Ralph Edward Dodge (January 25, 1907 – August 8, 2008) was an American bishop of The Methodist Church and the United Methodist Church, elected in 1956. He was the youngest of four children of Ernest and Lizzie Longshore Dodge of Dickinson County, Iowa.

==Call==
After high school graduation, Dodge followed his father and older brother into farming. The family attended the Methodist Episcopal Church in Terril, Iowa. It was there that his pastor suggested God might be calling Dodge to preach. In spite of scoffing at the idea initially, Dodge earnestly wrestled with the possibility for several years. Finally, he decided to pursue this call, trusting that if God willed it, seemingly impassable doors would open.

==Education==
Dodge put himself through Taylor University, Upland, Indiana, by working for the university greenhouse and farm. While at Taylor, Dodge met Eunice Davis, a coed from Little Valley, New York. They married in June 1934. After graduation from Taylor, Dodge went on to Boston University School of Theology.

==Ordained ministry==
After seminary graduation, Dodge served small churches in Massachusetts and North Dakota, but he and his wife both felt called to foreign missions work.
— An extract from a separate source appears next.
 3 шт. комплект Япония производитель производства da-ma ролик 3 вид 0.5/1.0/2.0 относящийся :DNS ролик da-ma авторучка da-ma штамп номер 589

In 1935 they were accepted as candidates for a missionary opening in Angola, then called Portuguese West Africa. The birth of their first child in January 1936 delayed their departure but, a few months later, they were in language school in Lisbon, Portugal. They arrived in Portuguese West Africa December 1936.

==Episcopal ministry==
Dodge was elected bishop in 1956, the first Methodist bishop elected by the Africa Central Conference. He was the only American Methodist missionary ever elected bishop by the Africa Central Conference, as well. Previously bishops to Africa had been appointed from America. During his time there, heh worked for racial equality and African leadership in the church. Dodge served as bishop in Africa until 1968, despite being expelled from the country in 1964 leading the African church through the turbulent years from colonial control to African leadership. His episcopal area included the colonial territories of Angola, Mozambique, Rhodesia (now Zimbabwe) and Zaire (now the Democratic Republic of the Congo).
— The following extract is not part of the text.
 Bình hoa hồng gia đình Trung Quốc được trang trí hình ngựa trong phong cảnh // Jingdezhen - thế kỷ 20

Dodge's assistant Antonio Agostinho Neto went on to become the founder of the Movimento Popular de Libertacio de Angola MPLA, while Bishop Abel Muzorewa, who he helped sponsor for overseas study, became Prime Minister of Rhodesia.
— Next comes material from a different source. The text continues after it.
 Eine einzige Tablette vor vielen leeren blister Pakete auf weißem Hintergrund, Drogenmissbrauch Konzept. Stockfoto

Until his death on August 8, 2008, Dodge lived in retirement in Inverness, Florida.

== Publications ==
- The Unpopular Missionary, (1964)
- Rise Up and Walk, 1978
- The Pagan Church
- The Revolutionary Bishop

His papers are held at the Syracuse University library.

== Family ==
Dodge was married to Eunice Davies and they had four children; after Eunice's death in 1982, Dodge married Elizabeth Law.